Curiosity Rover Discovers No Life on Mars
Curiosity rover's inability to find methane on Mars contradicts previous theories of life on the planet.
The findings, published in the journal Science, follows Curiosity's journey on the red planet as it searched for methane, a gas that is considered a possible biomarker of life, and has so far found none of it.
"We consider this to be a quite definitive conclusion, and we're very confident with it," Chris Webster, manager of the Planetary Science Instrument Office at NASA's Jet Propulsion Laboratory in Pasadena, California, said of the new rover readings reported in the journal Science.
"It puts an upper limit on the background methane on Mars that is very constraining of any scenarios for its production on the planet."
Curiosity has been on Mars for over a year now, travelling back and forth along the planet in search for methane.
"Based on previous measurements, we were expecting to go there and find 10 parts per billion (ppbv) or more, and we were excited about finding it. So when you go to search for something and you don't find it, there's a sense of disappointment," said Dr Chris Webster, the principal investigator on Curiosity's Tuneable Laser Spectrometer (TLS).

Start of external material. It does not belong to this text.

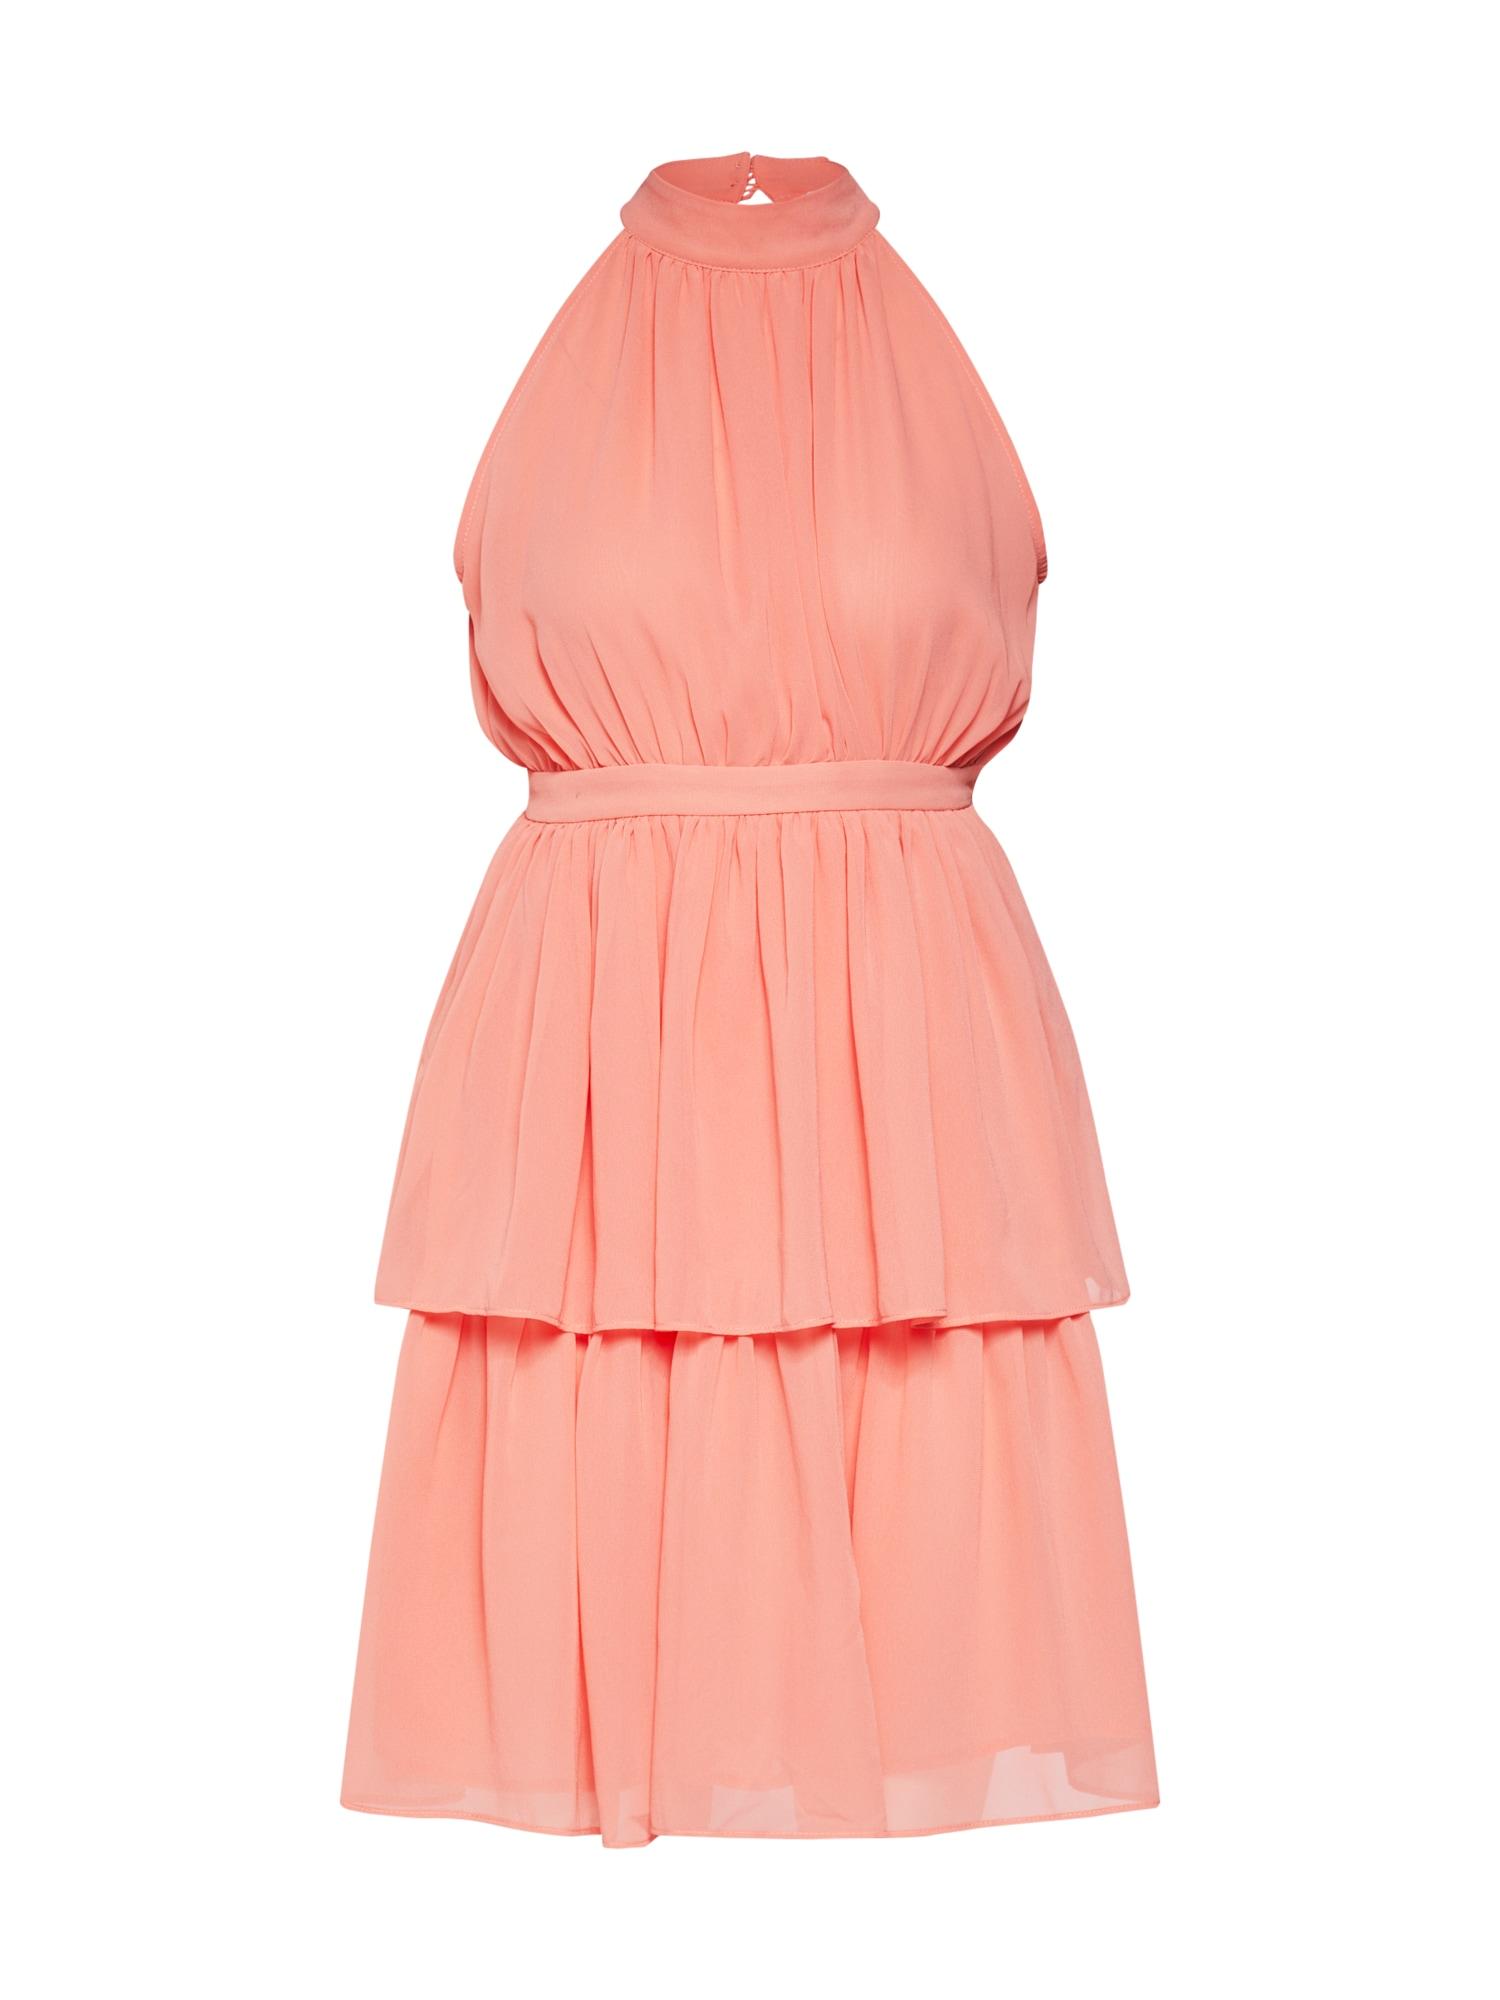 Koktejlové šaty Kira dress korálová MICHALSKY FOR ABOUT YOU

From the data collected, it has not been possible to discern any methane to within the present limits of the TLS's sensitivity.
This means that if the gas is there, it can constitute no more than 1.3ppbv of the atmosphere - equivalent to just over 10,000 tones of the gas, according to the BBC news.
Speculation over potential life on Earth became rife after telescopes on Earth and a spacecraft orbiting Mars reported a huge cloud of methane rising over Mars in 2003.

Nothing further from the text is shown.